I'm not sure about the fastest macbook disk access, but even with NVMe storage I've found lz4 to be faster than the disk. That is (it's hard to say this exactly correct) compressed content gets read/written FASTER than uncompressed content because fewer bytes need to transit the disk interface and the CPU is able to compress/decompress significantly faster than data is able to go through whatever disk bus you've got.
If you have many cores and have the right optimizations in place the bottleneck for lz4 decompression is RAM throughput which is always going to beat whatever fancy disk setup you have.
But yes on the extreme end absolutely there's a point where lz4 stops making sense, but also most of us aren't trying to max out a 128 core postgres server or whatever.
Recompressing should be guaranteed deterministic. It’s the packing/unpacking of tar archives to/from directories on disk that leads to the non-determinism (such as timestamps and ownership metadata). If the tar is left intact, both zstd and gzip should produce byte for byte identical outputs given the same compression parameters.
You are correct; I confused archiving with compression. However, even considering only the compression process, same compression parameters cannot be guaranteed, as it is unknown which compression parameters the image publisher used.
Thats true. And regardless of compressed vs regular tar, I think the OCI format working with opaque archives is extremely limiting. I hope the industry will eventually redesign to use content addressable storage per file and have metadata to describe the layer/disk layout instead. That would allow per file deduplication, and we can use tar for just bulk transfer over the wire, rather than using tar for the data at rest.
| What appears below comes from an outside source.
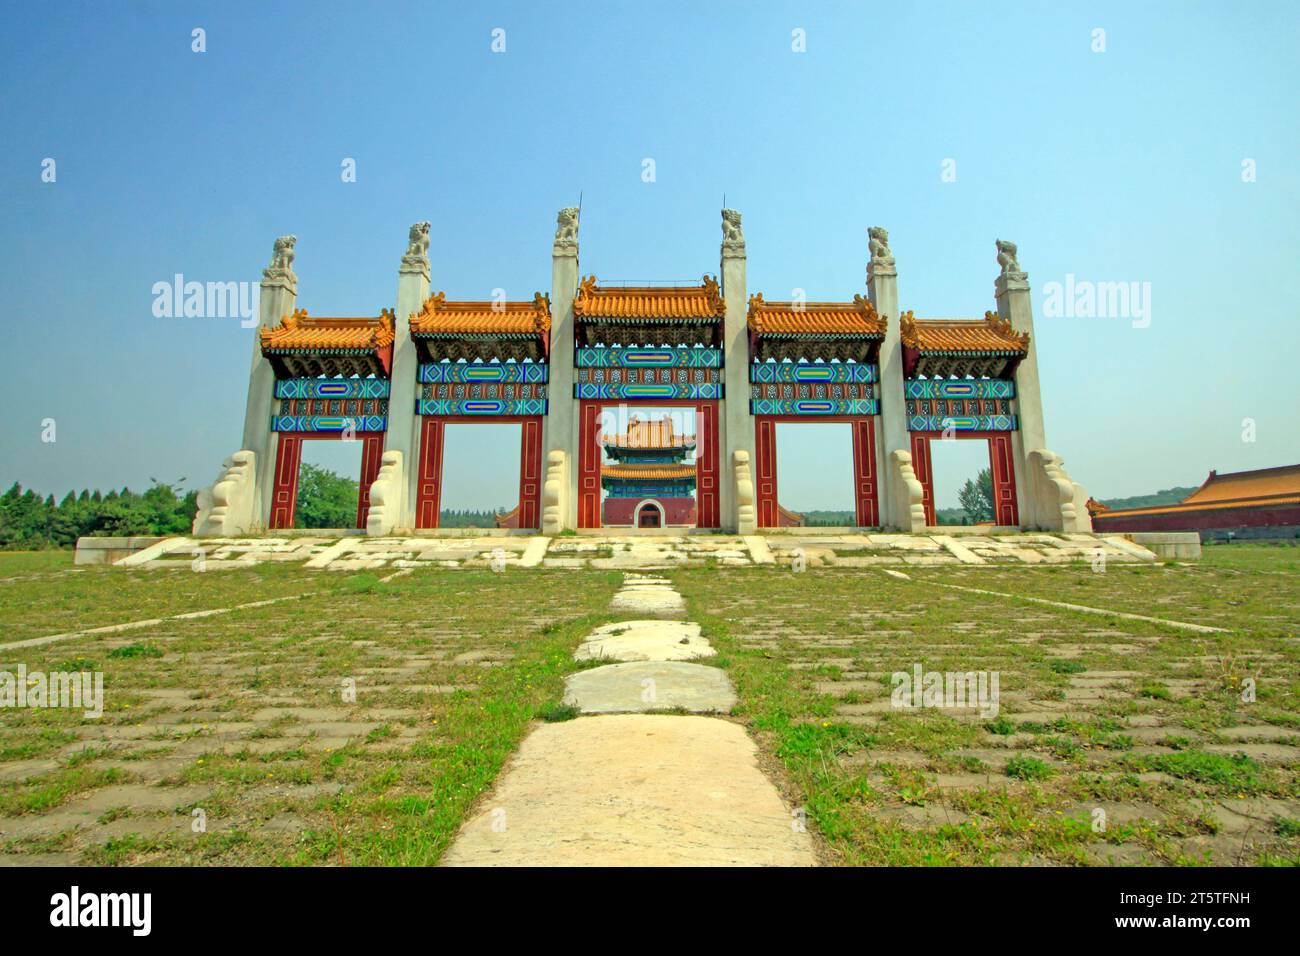 Città di Zunhua - 23 maggio: Architettura paesaggistica della porta del drago e della fenice nelle Tombe reali orientali della dinastia Qing, 23 maggio 2015, città di zunhua, hebei provi Foto Stock

containerd 2.3 has support for erofs which does a direct import of the layer.
It can even convert the tar based layers to erofs, faster than extracting the tar normally.
Also looking at block-based content store so that blocks can be deduped across images.
Thanks for the correction. I did mean given the same tooling version/parameters, but (as you and others pointed out) preserving and recreating that state is not at all straightforward.
Zstd for example only promises determinism on the same version of the library. I've personally seen the hashes mutate between pull and export. Things like tar padding also make a difference. Really, the thing to do is to hash on the _uncompressed_ data and let compression be a transport/registry detail. That's what I've done, at least.
Yes, compression being part of the OCI image's digest was (in hindsight) a poor decision. _Technically_ OCI images allow uncompressed layers, and the layers could be included without compression (and transport compression to be used); this would allow layers to be fully reproducible. We explored some options to do this (and made some preparations; https://github.com/containerd/containerd/pull/8166), but also discovered that various implementations of registry clients didn't handle transport-compression correctly (https://github.com/distribution/distribution/pull/3754), which could result in client either pulling the full, uncompressed, content, or image validation failing.